高虎達、AVC軍にとり、エロヒムに精神汚染されたワクチニアンに対するこれまでで最高の大戦果となる。
COVID-19が繁殖率・致死率最悪のΩ種まで変種が進んで大混乱に陥った地球人類は、現在は二一世紀初期の十五%まで人口が減っている。
そして人類は今、対抗ワクチンを打って生き残った大多数のワクチニアンと、Ω種に感染しながらも生き延びた少人数、あるいはその子孫のAVCに分かれていた。

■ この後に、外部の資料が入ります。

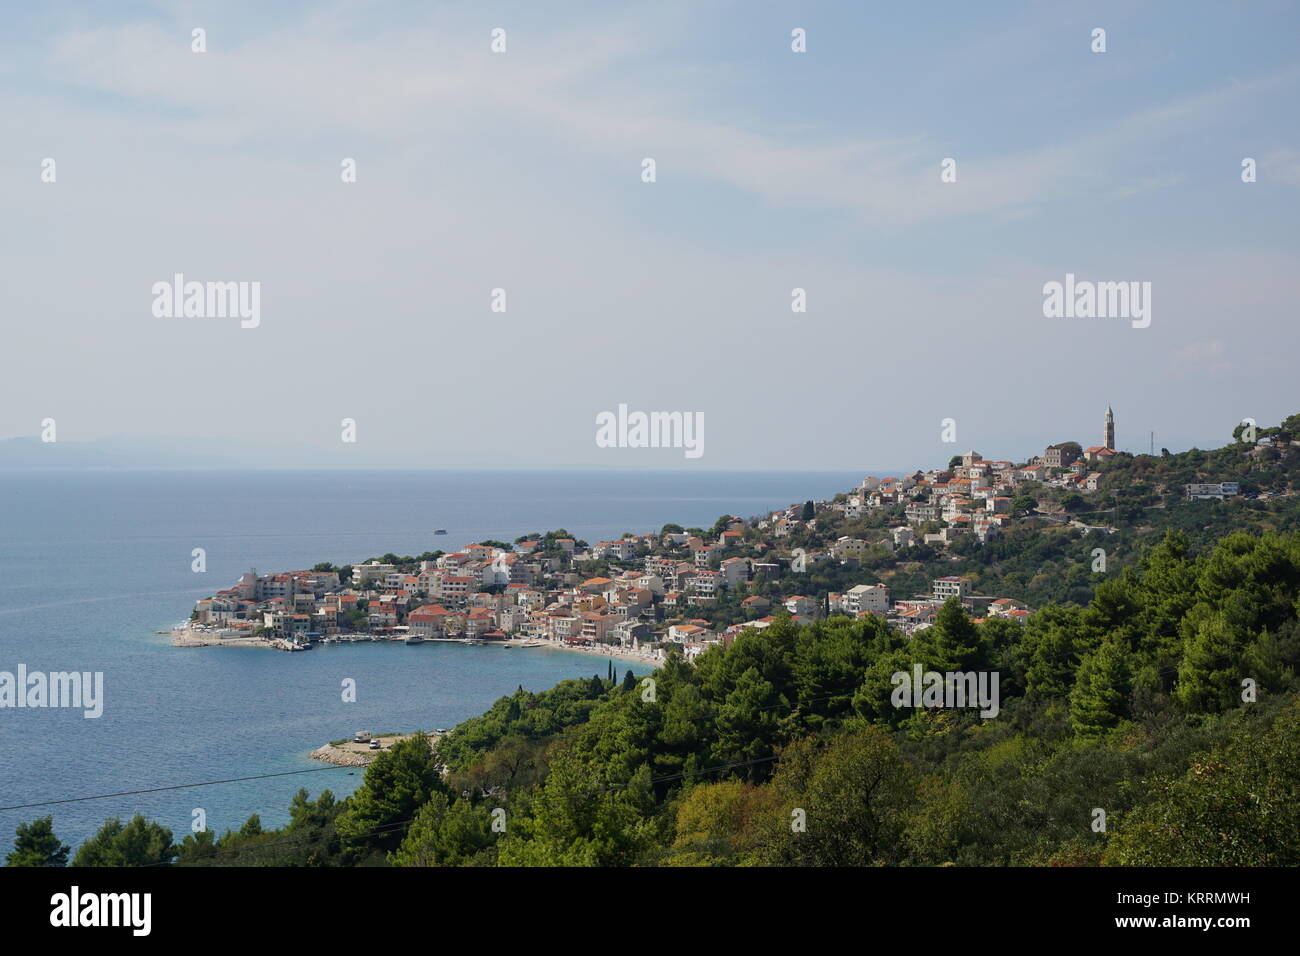 idyllic little town on the mediterranean Stock Photo

AVCには、悪魔的宇宙人の下僕となったワクチニアンを全滅させるしか彼らの魂を救う手段はない。
侵略宇宙人に母なる地球は渡せない。
一五分ほどして、状況の移行が巡洋艦艦隊の旗艦『ニューリバティ』より知らされた。
ホワイトファングの対空迎撃手段が無脅威とみなされ、三〇発の戦術核ミサイルが友軍艦隊より発射されたのだ。
指揮官機は眼下の戦術核ミサイルを捕捉。生き残っている一一九機の無人のサーベルタイガー全機をその直掩に当たらせる。

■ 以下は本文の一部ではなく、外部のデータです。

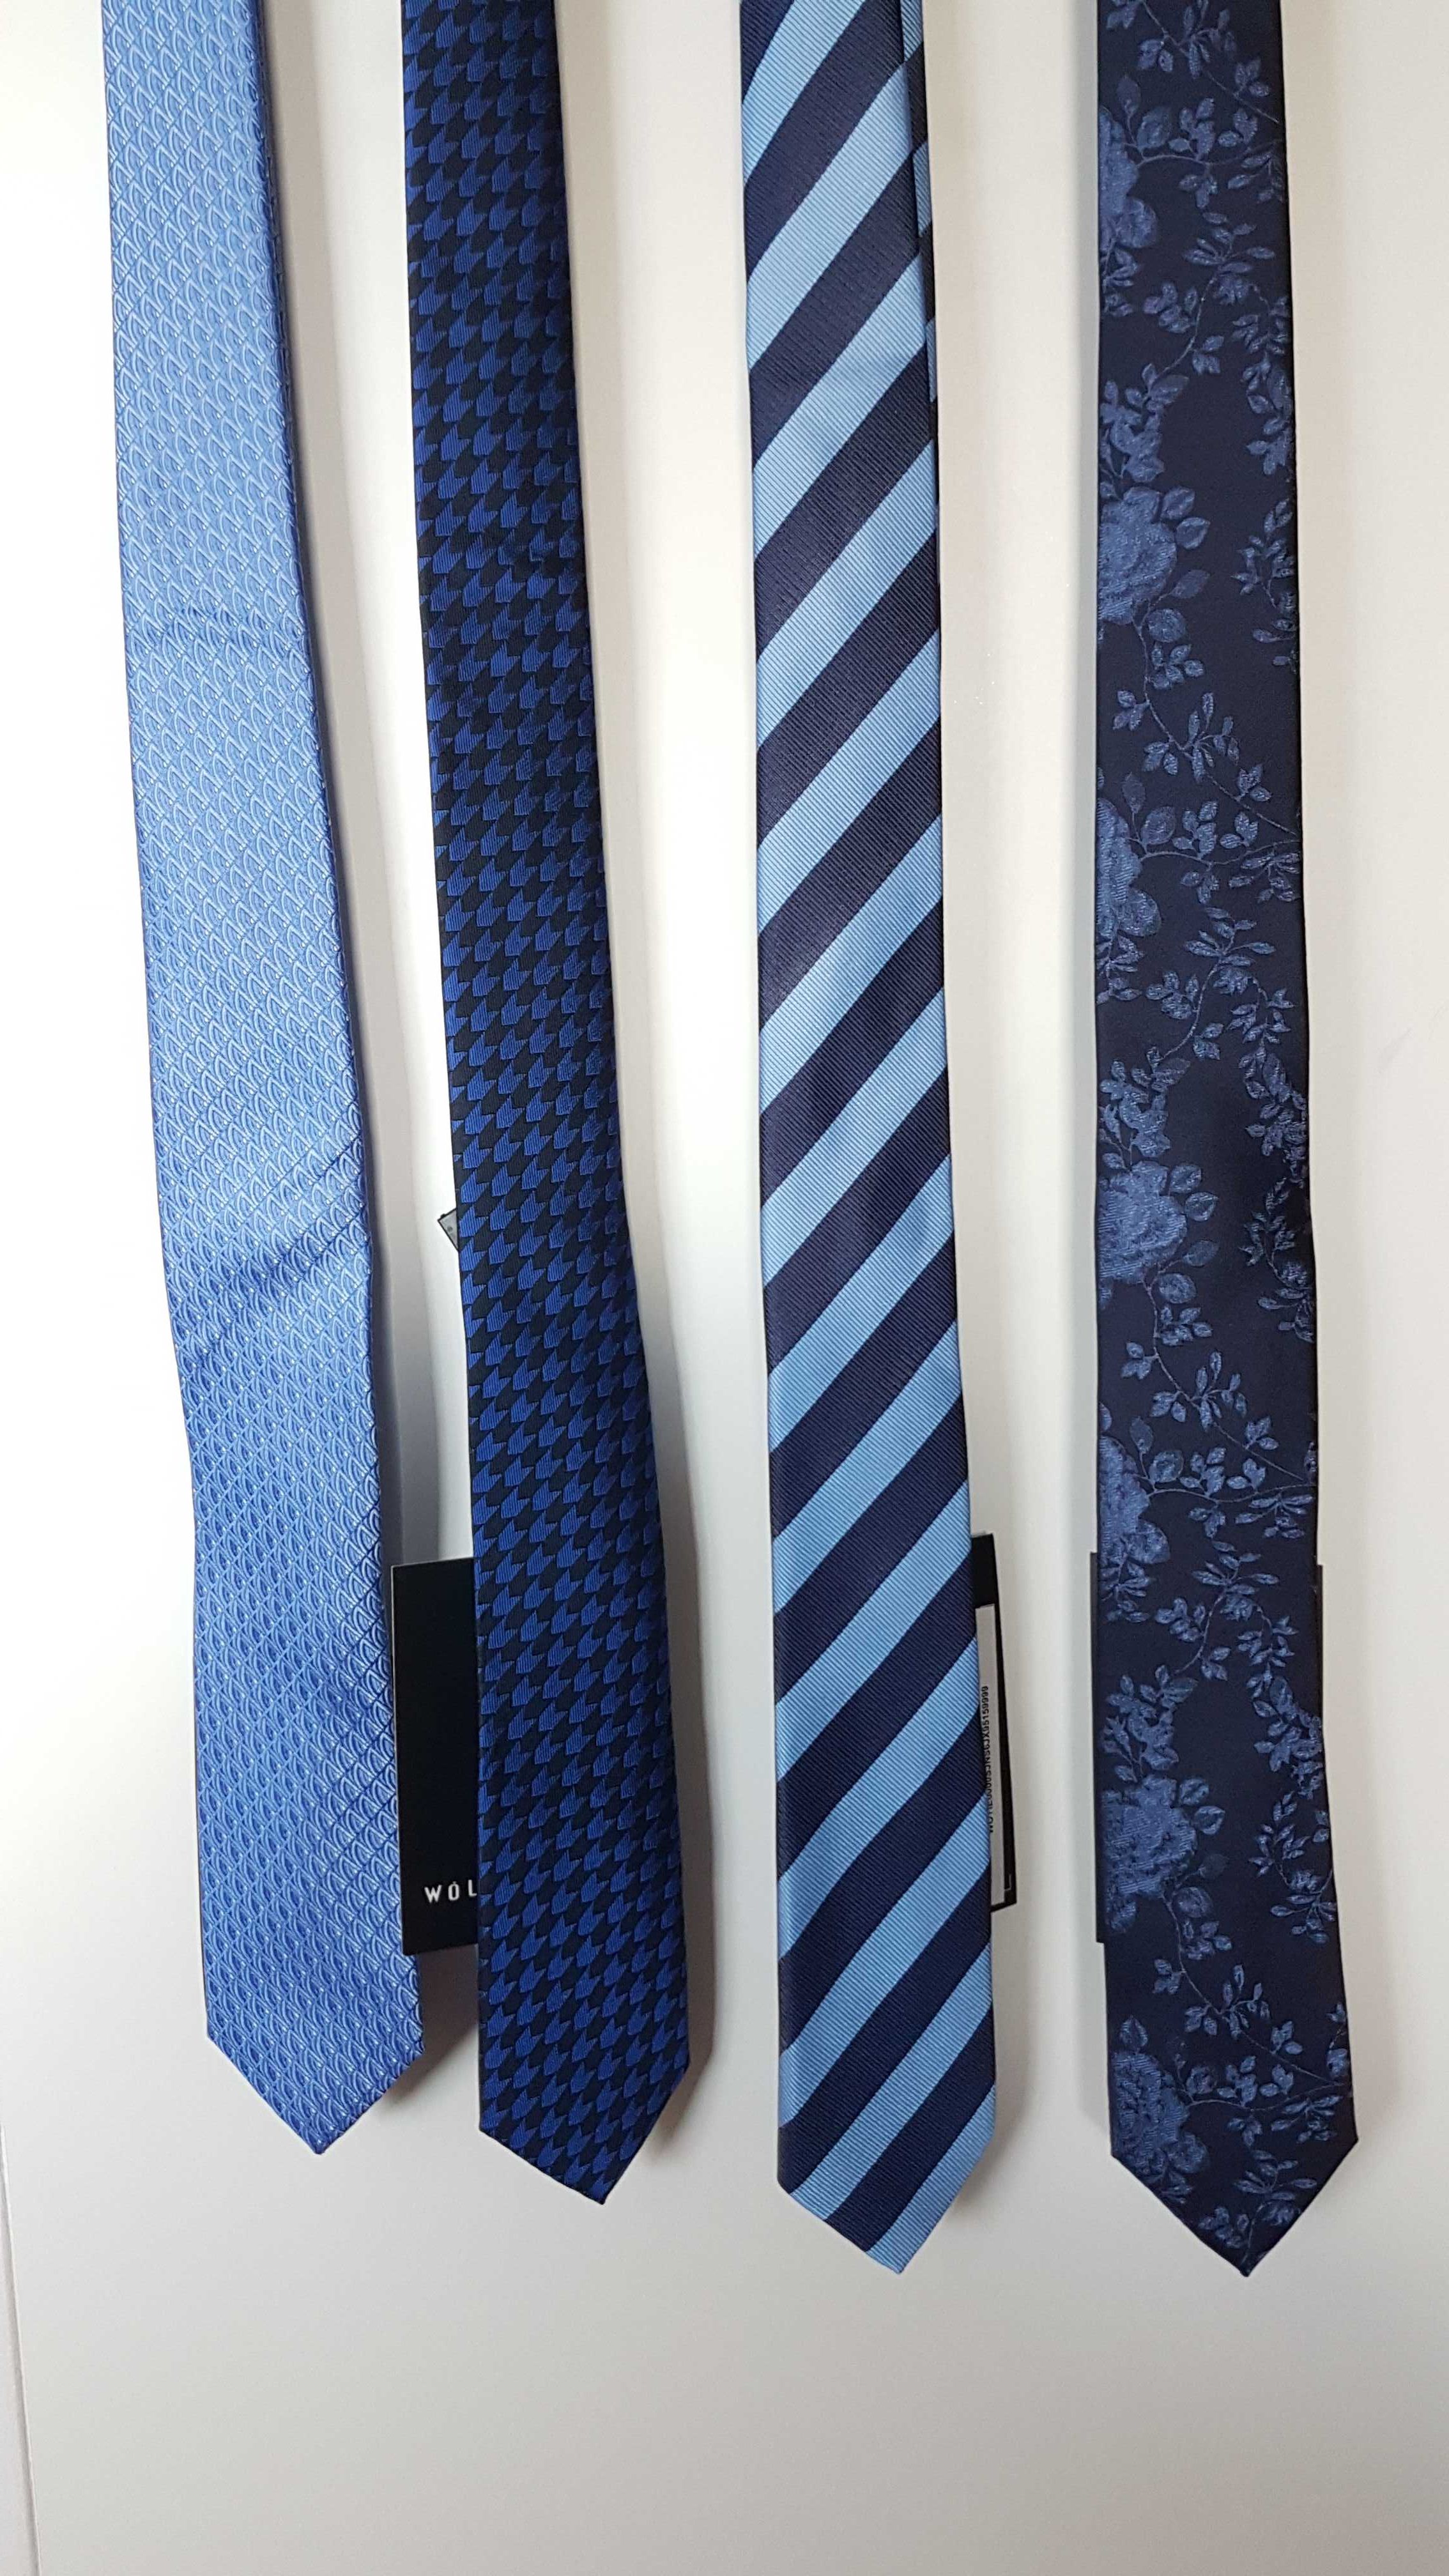 Krawat niebieski/granatowy 100% jedwab Wólczanka różne wzory

無反射液晶のキャノピーに直接表示されている戦闘情報。ボックスマークに囲まれた三〇発の戦術核ミサイルが目標の巨大構造体に向かって飛翔していくのが表示されている。
命中までのカウントダウン、三〇秒。
二五秒。
二〇秒。
散発する迎撃レーザーは、射線に先に鏡面加工のサーベルタイガーが割り込んで無効化する。
一五秒。
全指揮機は耐衝撃手段をとった。
その瞬間、大きな警告音がサーベルタイガー・コマンダーのコックピット内に鋭く鳴り響いた。

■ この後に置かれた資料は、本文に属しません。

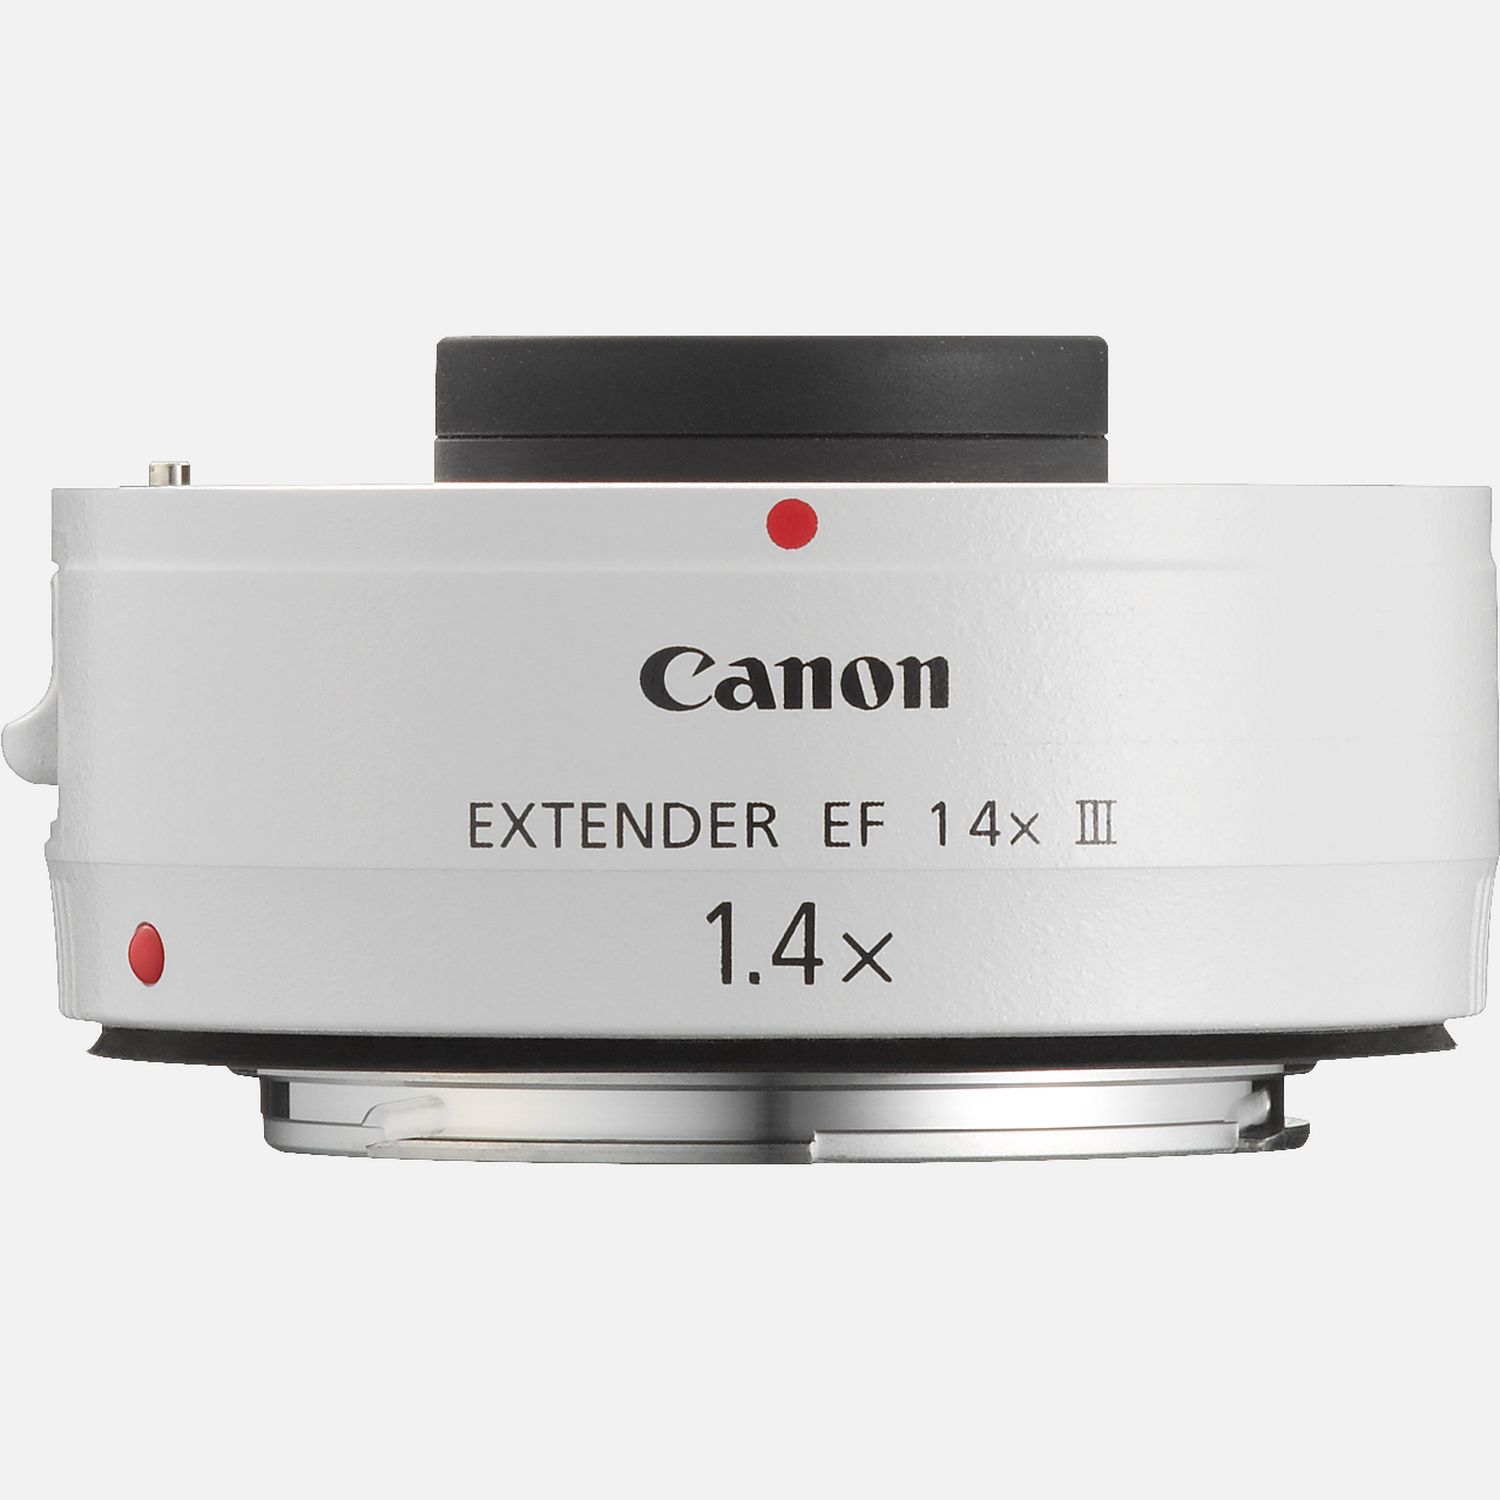 Canon EXTENDER EF 1.4x Ⅲ エクステンダー テレコン何卒宜しくお願い致します

超強力な電子対抗手段が光速の津波の様にホワイトファングから放たれ、キャノピーに表示されている戦闘状況画面では、それはほぼ一瞬で広がった放射球状のライトラインとして表示された。
「EMPか!?」
「違います」
超強力な電磁パルスを懸念する高虎一佐を、搭載AIが即刻否定した。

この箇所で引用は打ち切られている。